The relatively high fat intake among South Asian migrants to GB has also been shown in some earlier studies. In a review including nine small studies, all reported an intake of energy from fat over 35% and six showed a fat energy percent of 39 or above (46). The high energy intake among immigrants may start early. A study of 9- to 10-year-old children in the United Kingdom (47) showed that South Asian children had a higher energy and fat intake and lower carbohydrate intake than white European children and black African-Caribbean children. The intake of vitamin C and D, as well as the intake of energy from sugar, was lower than that of the other groups.

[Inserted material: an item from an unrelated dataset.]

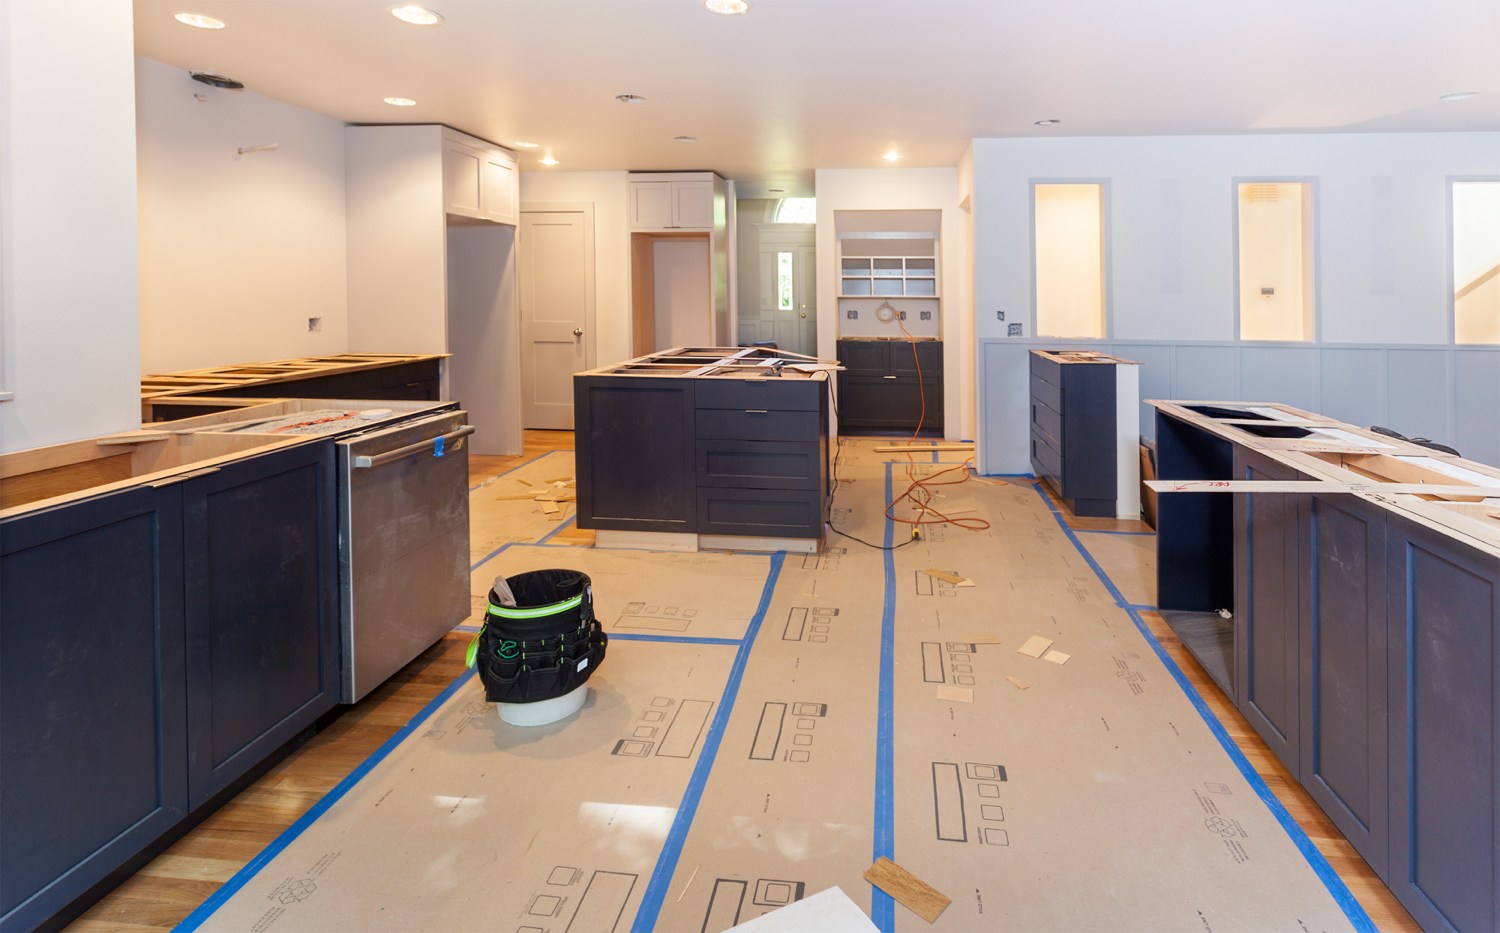 List Of Mistakes You Should Avoid In Home Renovation

Data from a study of Pakistani women in Oslo showed that the high fat intake may be a problem also in other host countries than GB (38). Energy from total fat was 40% and from saturated fat 13%. Similar to the studies above, the intake of energy from carbohydrates was 44%, which is very close to that of the general population (37). Intakes of fiber (17 g/day), vitamin D (1.3 µg/day), folate (177 µg/day), calcium (494 mg/day), and iron (8.7 mg/day) were far below the recommendations. This study also showed that a large part of the energy (over 60%) was taken late in the day, after 17 o'clock.
One study from 2003 (40) and a few older studies (48, 49) have reported lower energy intake among South Asian immigrant groups compared to their European counterparts. Thus, the dietary picture of immigrants from low-income countries is complex. However, with a few exceptions, the general picture for South Asians after migration is a substantial increase in energy and fat intake and a reduction in carbohydrates. Concomitant with this reduction there has been a switch from whole grains to more refined carbohydrates, which has resulted in a low intake of fiber, as shown in the study from Norway (38). The proportion of energy from saturated fat and polyunsaturated fatty acids (PUFA) has varied in the different studies. It has earlier been shown that the intake of n-3 PUFA may be especially low, whereas that of n-6 PUFA is high among immigrants from South Asia (49, 50).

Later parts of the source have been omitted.